The school has a large number of Catholic families, Wilson noted, but whether you’re Catholic or not, “I have had a lot of people who say that when they walk in the building, it feels like family.”
“I want them to feel welcome, like they’re part [of a community],” she said. “And I always call Sacred Heart ‘our Sacred Heart family.’”
Florida’s school choice scholarship program helps many of the families attend Catholic school, as many are of lower socioeconomic status. This school year, it was no longer income-based.
“When it was income-based, I only had six families that were not on scholarships,” Wilson explained. “So [we] have a very low socioeconomic population.”
“And it’s huge. It really helps a lot of our families who would not normally be able to afford Catholic education to be able to be a part of our school.”
Across state lines
Community is a big part of what headmaster Jay Boren says makes the New England-based school where he works — St. Benedict Classical Academy — unique.
“I think the most remarkable thing about our school is our community, is the people,” Boren explained. “A lot of our parents drive a long way every day to get their children to this particular school for this particular education. A lot of them have moved to this area.”
St.

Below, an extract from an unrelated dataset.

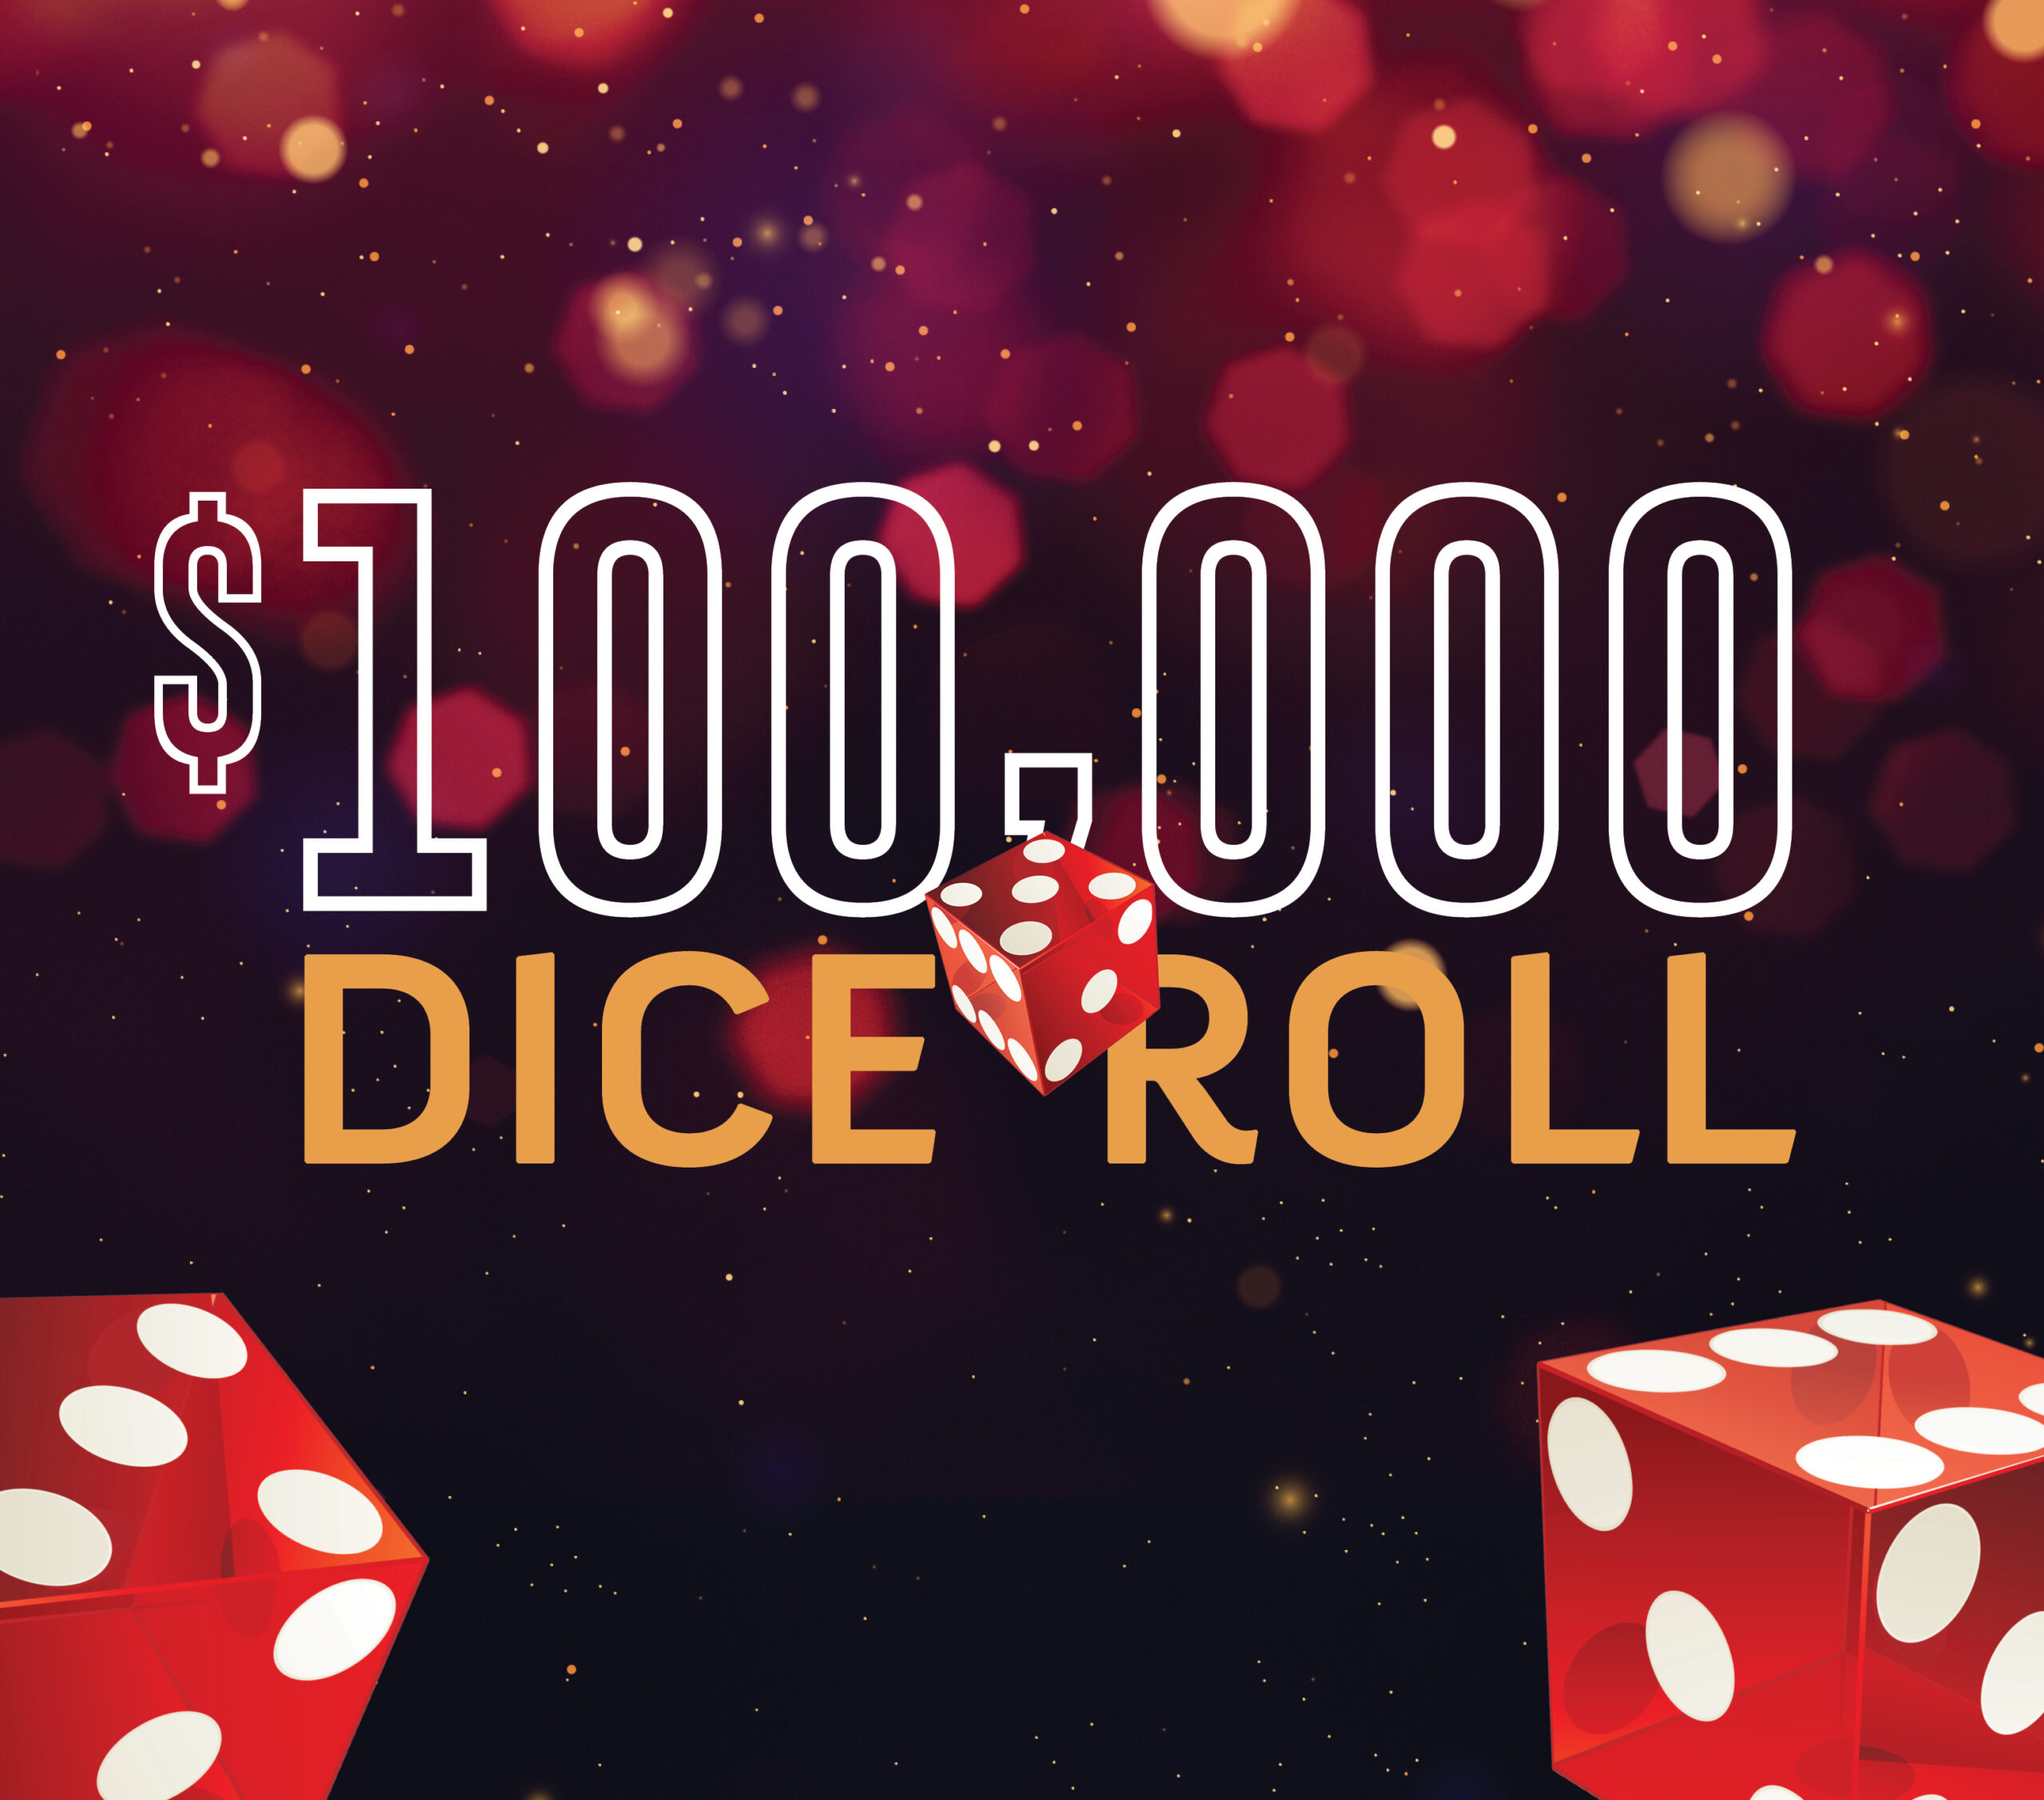 $100,000 DICE ROLL

Benedict is in Natick, Massachusetts, a suburb of Boston, but the students come from almost 40 towns across two states. Some families make an hourlong commute.
The academy was founded 11 years ago by five moms who wanted a school that was devoted to its Catholic identity with a rigorous academic program. Since then, the school has grown from about 25 students to more than 250 students and broke ground last year for a new campus.

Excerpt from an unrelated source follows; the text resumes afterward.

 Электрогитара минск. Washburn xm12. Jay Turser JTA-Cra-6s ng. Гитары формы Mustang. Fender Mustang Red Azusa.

Boren cites two key factors for their success.
“I think it’s twofold: You build a Catholic identity with people, so you have to have a commitment to the mission,” he said. “… We have a commitment to mission, and we’re zero-sum on that. We’re never going to compromise on that. So that is what it is. And then that will attract families who are committed to your mission.”
St. Benedict’s also prioritizes hiring faculty that are “committed to [the] mission.”
“So you have an incredible mission alignment, parent and school, which is really important for the success of the child, the student,” he explained. “We’re seeing a lot of people come to us that probably wouldn’t have come to us five years ago, because they’re becoming dissatisfied with their local public school.”
When asked how classical and Catholic education come together at St. Benedict’s, Boren responded: “I would say that for a long time, Catholic education was classical.”
“One of the most important things is how our Catholicism informs the entire curriculum. It’s critical,” he said. “So many times we can see Catholic identity as a cherry on top: ‘We have this really good ice cream and oh, yeah, we have Catholic identity, and we just put it on top.’ And that can’t be the case. It has to inform the entire curriculum.”
Boren explained that the staff prioritizes “secularly virtuous” books and media when arranging the curriculum.
“When we’re thinking about what books we’re going to read in literature class, they’re not religious per se,” he explained. “They’re great works of literature and they’re great works of art and they’re great works of music.”
“Everything that we choose, we choose very deliberately — and they’re beautiful,” Boren explained. “And I think that speaks to the Catholicity of the place. Because that’s what Catholicism uses — the aesthetics — to lift our hearts and minds to God. And I think that’s beautifully interwoven together.”
“If education is a search for truth, well, then it has to end with Jesus Christ, who is truth,” Boren said. “So how that looks in kindergarten versus sixth grade [can] be a little different, but at the end of the day, it has to end there. I think they’re inseparable.”